This black hole has a mass of 7 billion suns, and it's changing the way scientists think about how galaxies develop.
Astronomers were stunned to discover an incredibly massive black hole recently that is accompanied by a rather average galaxy, a bizarre finding that may force scientists to change the way they think about how galaxies develop.
The black hole has 7 billion solar masses, making it one of the largest ever discovered, but rather than having a proportionally large galaxy around it, it actually has a fairly small galaxy encircling it, according to an Astronomy.com report.
Using the W. M. Keck Observatory’s 10-meter Keck I Telescope in Hawaii, and international team of scientists spied galaxy CID-947, about 11 billion light-years away, making it just a couple billion years removed from the Big Bang. The galaxy has a fairly typical size, but the black hole at its center is of an incredible size. In most cases, black holes have a mass of less than 1 percent of the galaxy, and scientists have always believed that galaxies necessarily develop proportionally to the size of the black hole at their center. But the black hole in this galaxy makes up 10 percent of the host galaxy.
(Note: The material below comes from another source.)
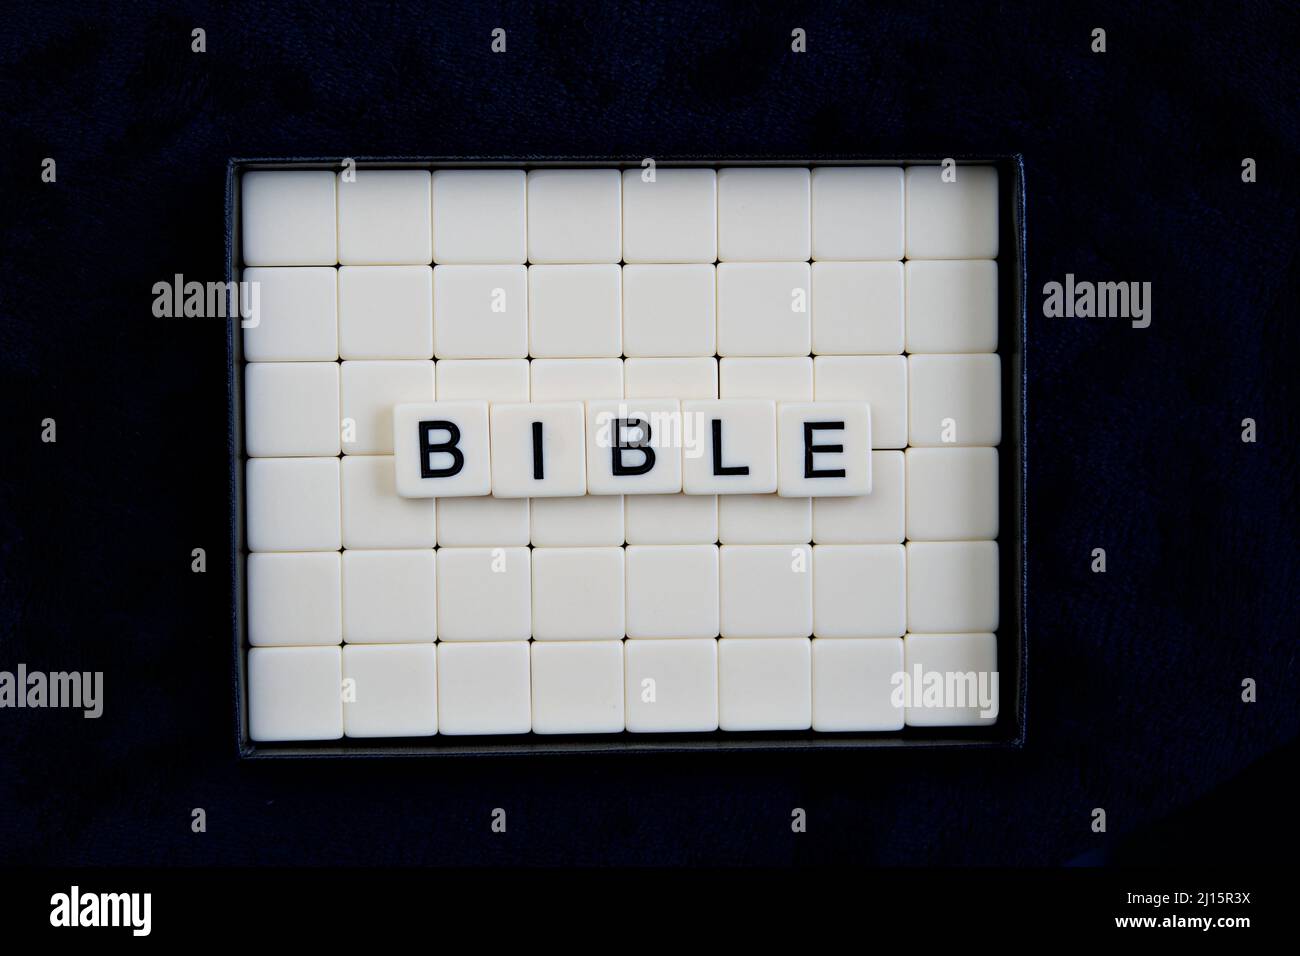 Bible : mots composés de combinaisons de lettres Banque D'Images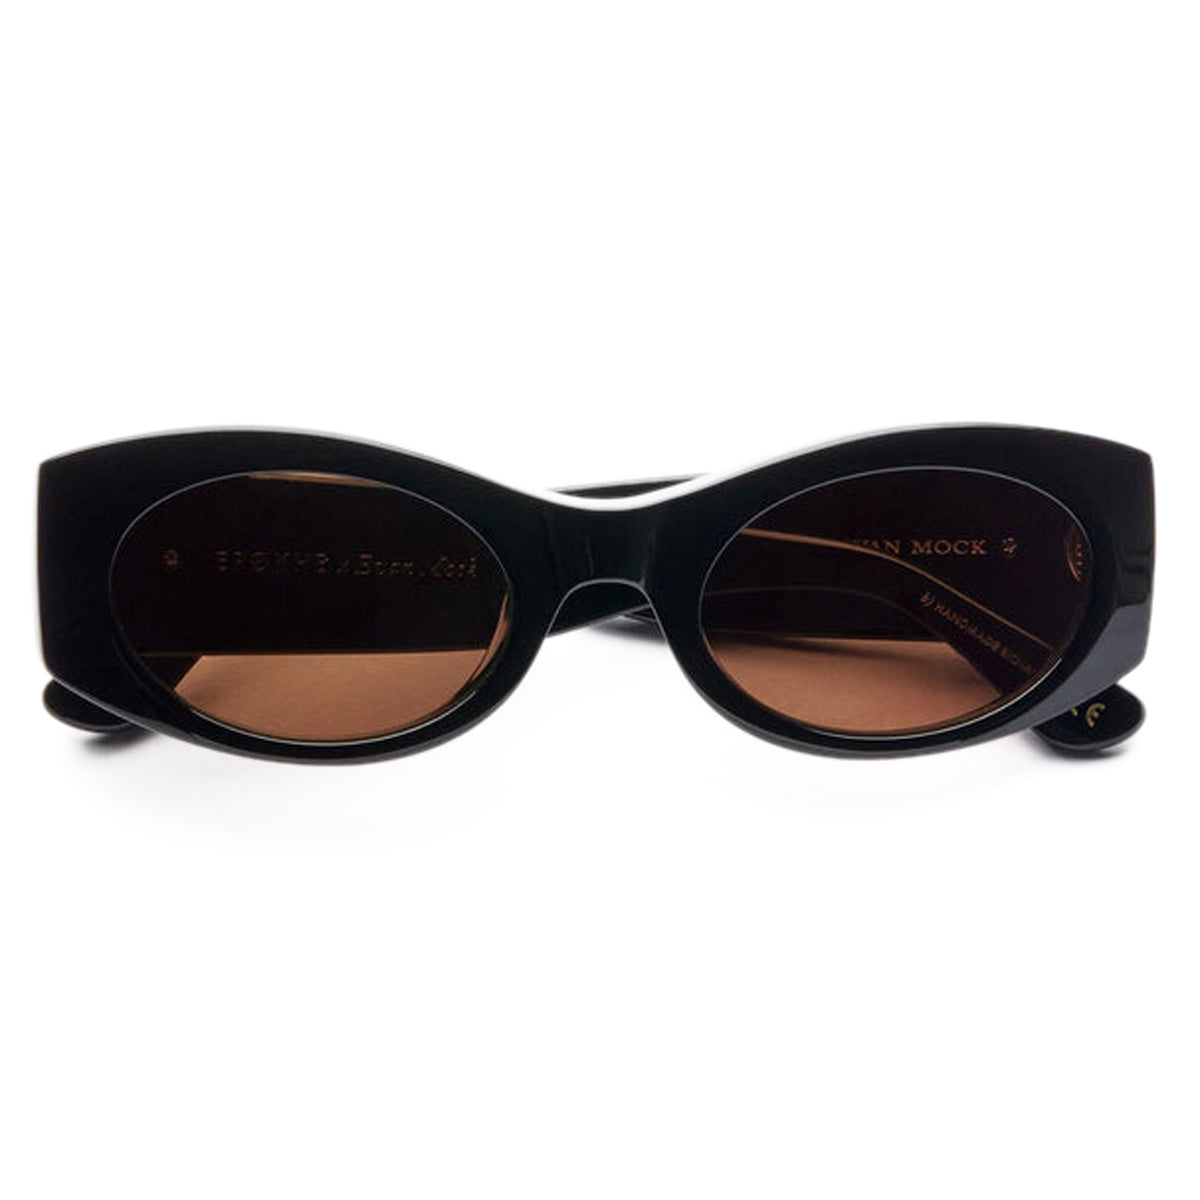 Epokhe Suede Sunglasses - Black Polished/Bronze Amber image 2

This isn’t a temporary situation either, scientists believe. Although it’s possible that the galaxy will continue to grow, this disparity isn’t likely to change much, according to the report.
The astronomers believe that this situation could have come about because the black hole grew too quickly for the host galaxy, something that scientists hadn’t considered before and may change the way they think about galaxy evolution.
It was an incredibly surprising revelation for the astronomers, so much so that two scientists attempted to independently verify the measurements of CID-947 independently, and were able to do so.